Most of us don’t think too much about the price paid for civilized progress, primarily because if America’s nearly 3 million prisoners are out of sight, they are out of mind. The ones most out of sight in solitary confinement are also the ones most out of their minds, as this powerful Aeon piece by Lisa Guenther reminds us. Her treatment of this subject really resonated, and reminded me of the Plains Indians, because she approaches it from a phenomenological perspective. As some may know, phenomenological approaches have also been used, with great effect, to reveal the philosophical richness and experiential complexity of animist worldviews. Plains Indians were, of course, carriers of these views.

It should go without saying that solitary confinement is a recipe for human disaster and definitively insane, but it apparently needs to be said. Guenther’s saying of it is an ironic inversion of the vacuous American slogan “freedom isn’t free.” The sordid details aside, I particularly enjoyed her precis of phenomenology:

[Solitary confinement] raises philosophical questions about the relation between sense perception, sociality, and a meaningful life. Why does prolonged isolation typically corrode a prisoner’s ability to perceive the world and to sustain a meaningful connection with his own existence? The short answer to this question is that we are social beings who rely on our interactions with other people to make sense of things. But what does it mean to exist socially, and what is the precise connection between our relations with others, our perception of the world, and the affirmation of our own existence?

My response to this question is shaped by the philosophical practice of phenomenology. Phenomenology begins with a description of lived experience and reflects on the structures that make this experience possible and meaningful.
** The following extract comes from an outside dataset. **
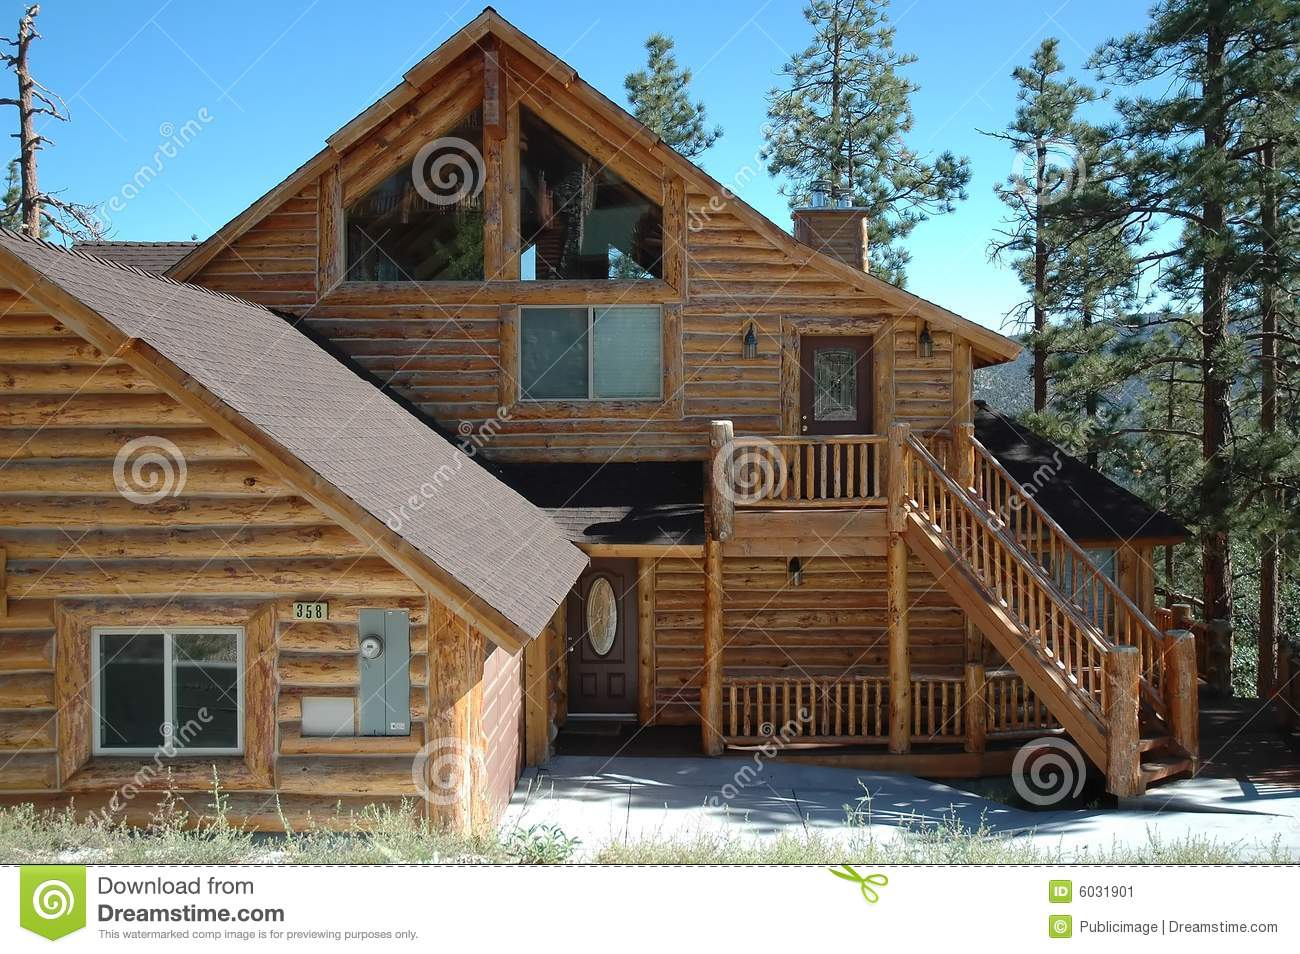 Log Cabin Style Home Stock Image   Image  6031901

The main insight of phenomenology is that consciousness is relational. As the German philosopher Edmund Husserl put it at the turn of the 20th century, consciousness is consciousness of something; the mind is not a thing but a relation. Meaning is not ‘located’ in the brain like a message in a mailbox; rather, it emerges through an ever-changing relation between the act of thinking and the objects of thought.

Husserl’s student, Martin Heidegger, expanded this notion of relationality into an account of existence as Being-in-the-world. For Heidegger, it is not enough to reflect on the structures of consciousness in a theoretical way. We need to grasp how the meaning of our lived experience arises through a practical engagement with the world, in projects such as hammering a nail or baking a loaf of bread. For Heidegger, as for Husserl, we do not exist as isolated individuals whose basic properties and capacities remain the same in every situation. We are not in the world ‘as the water is “in” the glass or as the garment is “in” the cupboard’, he wrote in Being and Time (1927). Rather, we exist as Being-in-the-world, in a complex interrelation with the situation into which we have been thrown. The work of phenomenology is to make this web of relations visible, so that we can appreciate the complexity of even the most simple, everyday experiences.

Solitary confinement presents a challenge to my practice of phenomenology, both because I have not had this experience myself, and also because the testimony of survivors suggests that the experience of prolonged isolation is also an unraveling of experience: a deterioration of the senses, a becoming-invisible, an annihilation. If the task of phenomenology is to show how we make sense of the world through lived experience, then what should a phenomenologist make of prisoners’ accounts of a living death that no longer makes sense?

Guenther goes on to explain, in long and painful detail, how solitary confinement deprives people of the embodied, relational, and social experiences that enable our humanity and ability to make sense. Because these same qualities are foundational to animist worldviews, we can perhaps better understand why Plains Indians considered imprisonment to be an annihilation or degradation so severe that death was often preferable. Guenther’s story should be required reading for all who believe we have progressed from savagery to civilization.